W całej sprawie jedno jest pewne. Ośrodki Doradztwa Rolniczego mają przestać podlegać resortowi rolnictwa. Zamiast tego proponuje się, aby ODR-y przekazać w administrację samorządowi terytorialnemu. Zasady finansowania pozostały by bez zmian. Zdaniem rządu dzięki temu doradztwo będzie bliżej rolników realizując pomoc zgodnie z potrzebami regionalnymi.
Artur Ławniczak – wiceminister rolnictwa: specyfika naszych regionów jest tak duża, tak te regiony są odmienne, że to co się sprawdza w regionie świętokrzyskim nie sprawdza się w zachodniopomorskim.

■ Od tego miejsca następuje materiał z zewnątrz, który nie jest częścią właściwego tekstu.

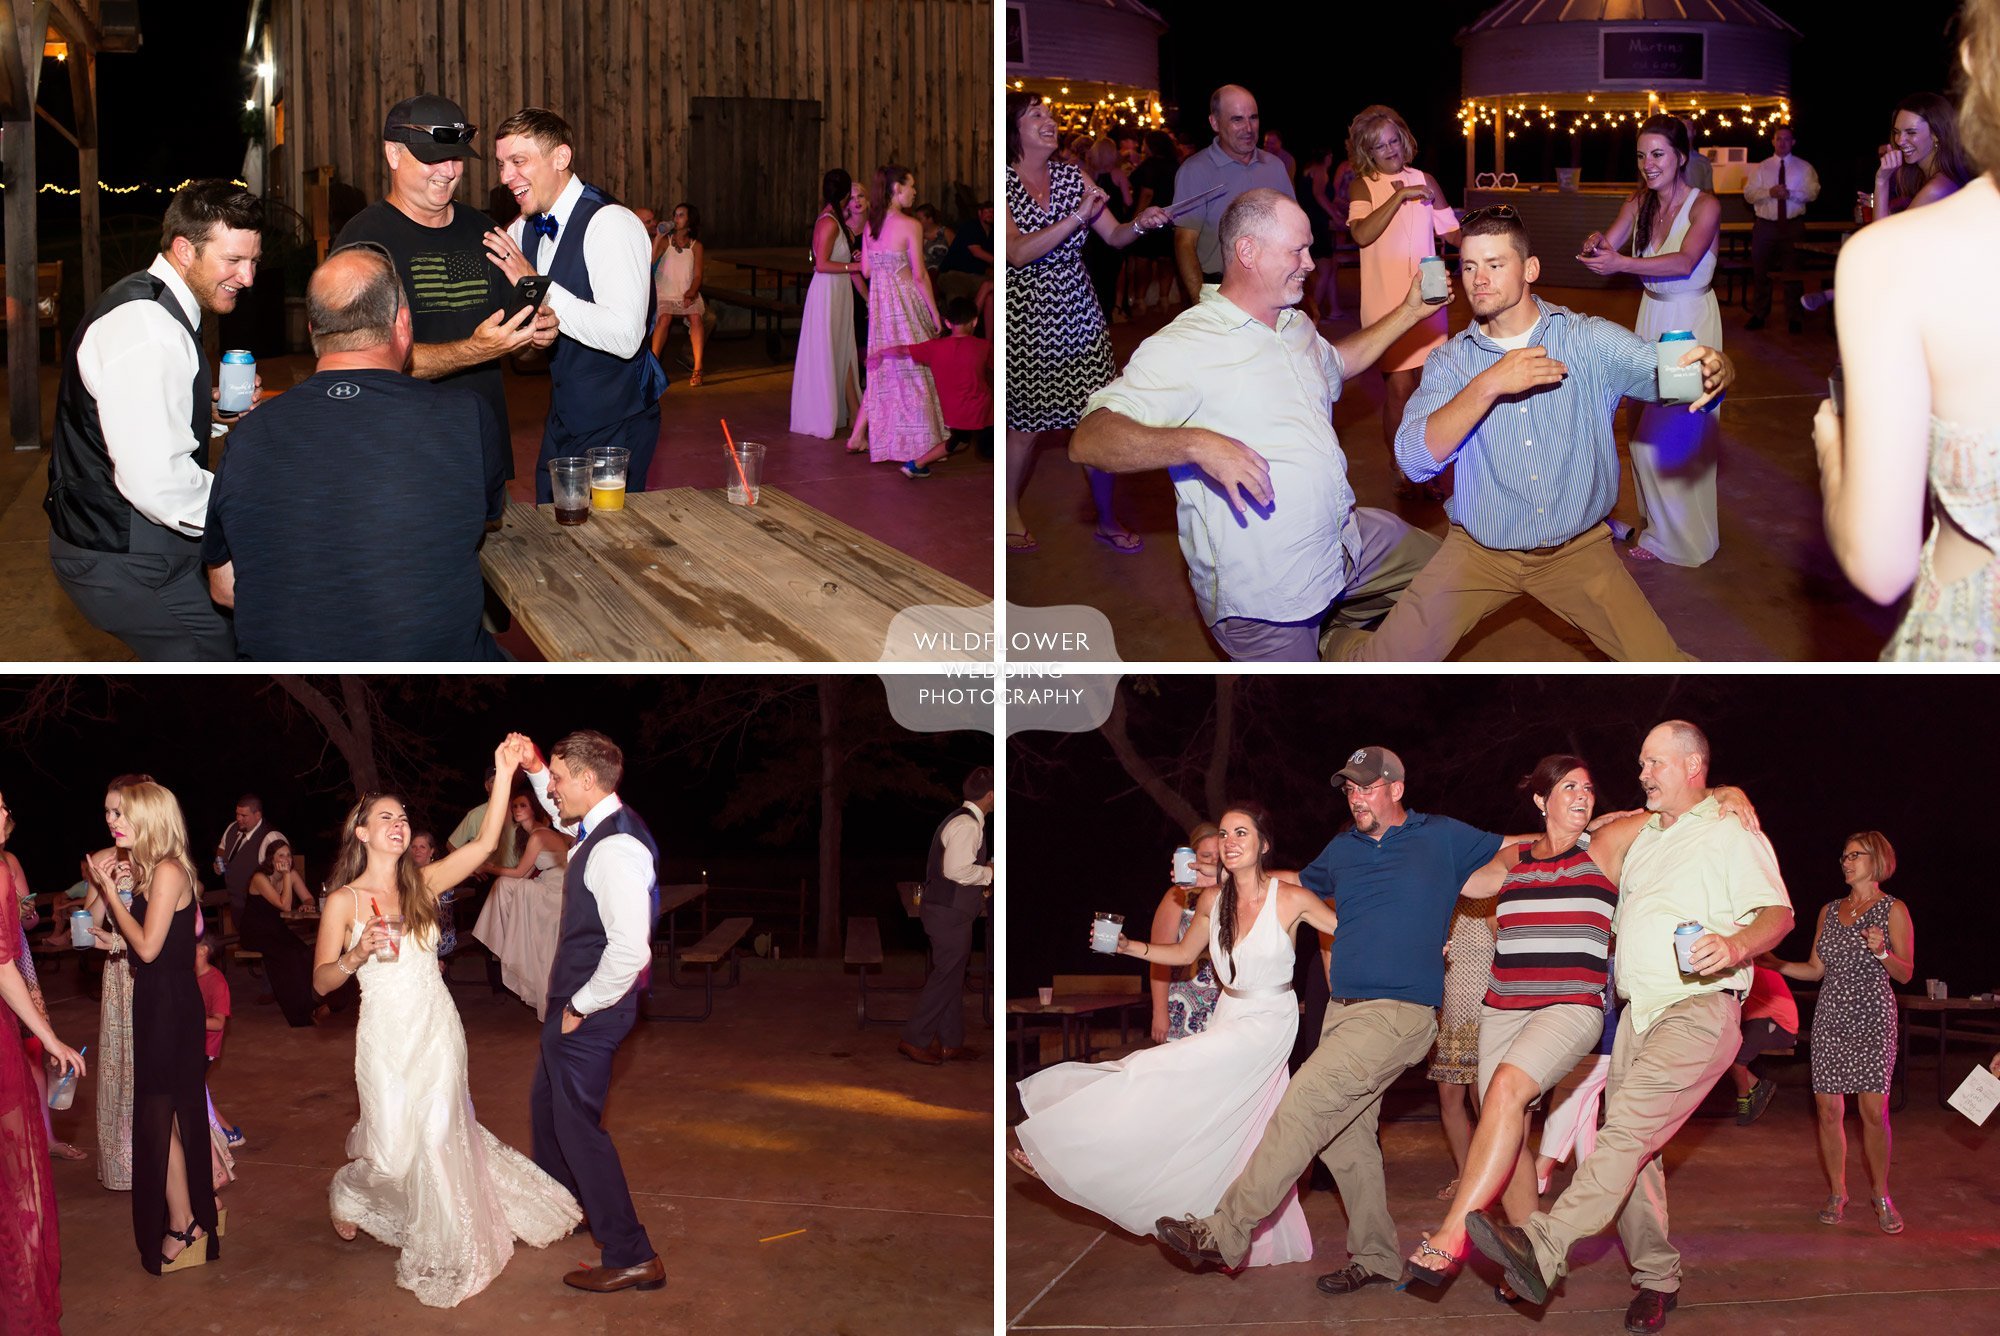 Wedding guests dance on the outdoor patio at Kempker's Back 40 barn venue in Westphalia.
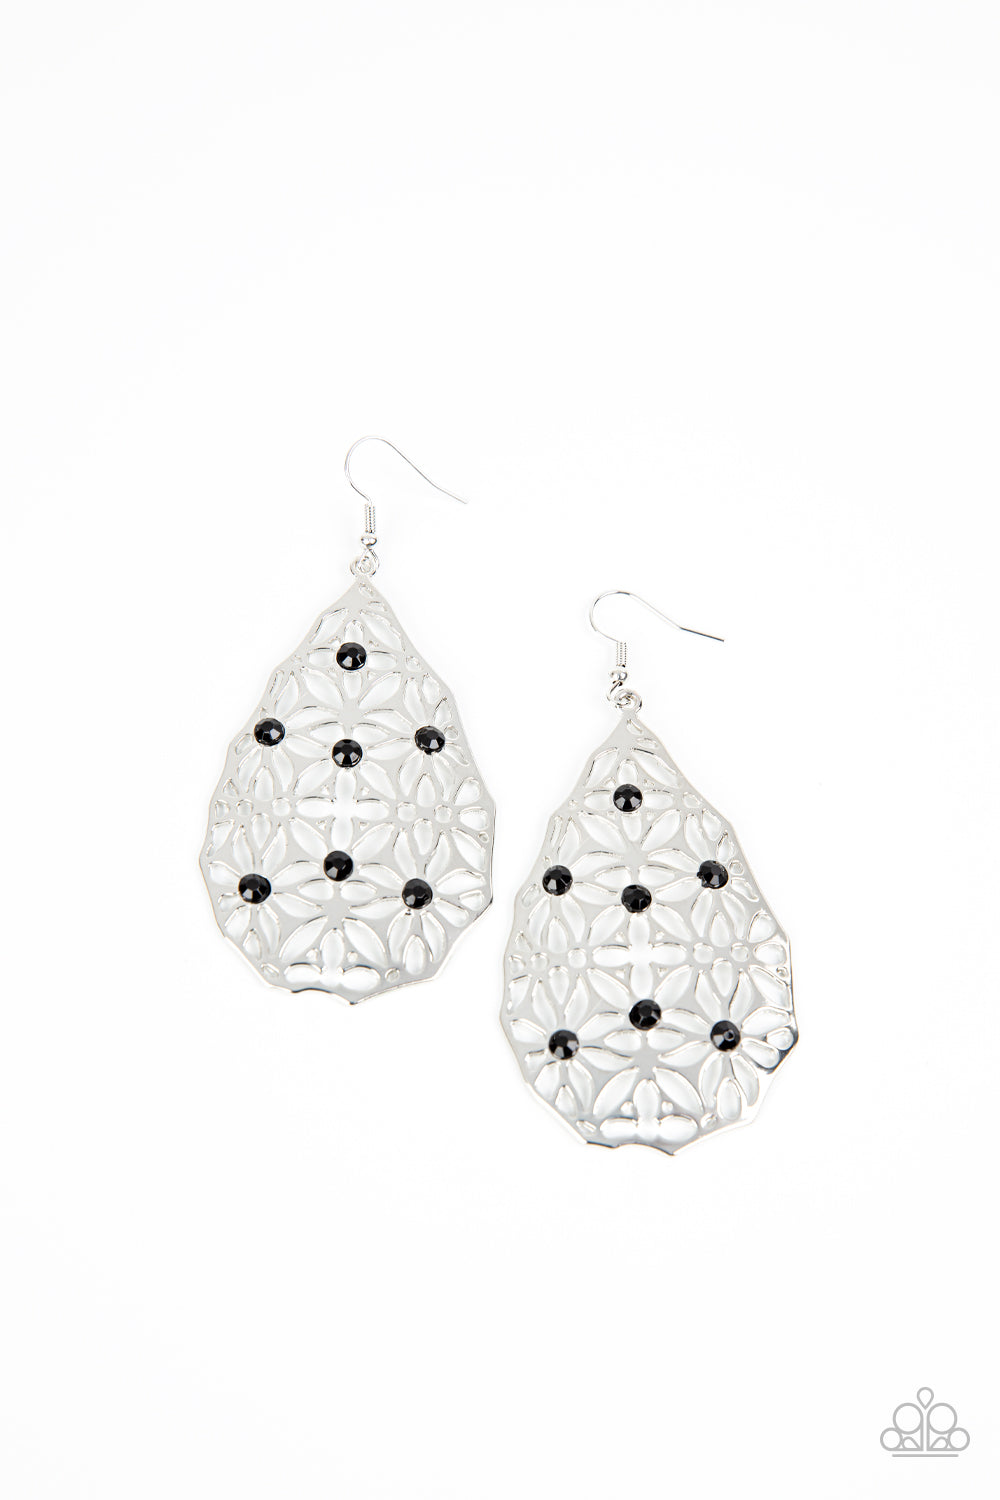 Delightfully Daisy - Black Item #P5WH-BKXX-223XX Shiny black beads are scattered across a teardrop frame filled with abstract floral filigree creating a whimsical lure. Earring attaches to a standard fishhook fitting.  Sold as one pair of earrings.

Przeciwko takiemu rozwiązaniu protestują Izby Rolnicze, które deklarują chęć wzięcia odpowiedzialności za doradztwo.
Wiktor Szmulewicz - prezes KRIR: uważam, że ten pomysł jest złym pomysłem. Najlepszym byłoby doradztwo pod zarządem izby, a finansowany z budżetu państwa.
Nowelizacja ustawy, która jest już w Sejmie przewiduje możliwość podpisania porozumienia między marszałkami województw oraz Izbami Rolniczymi na mocy, której to samorząd rolniczy kierowałby ODR-ami.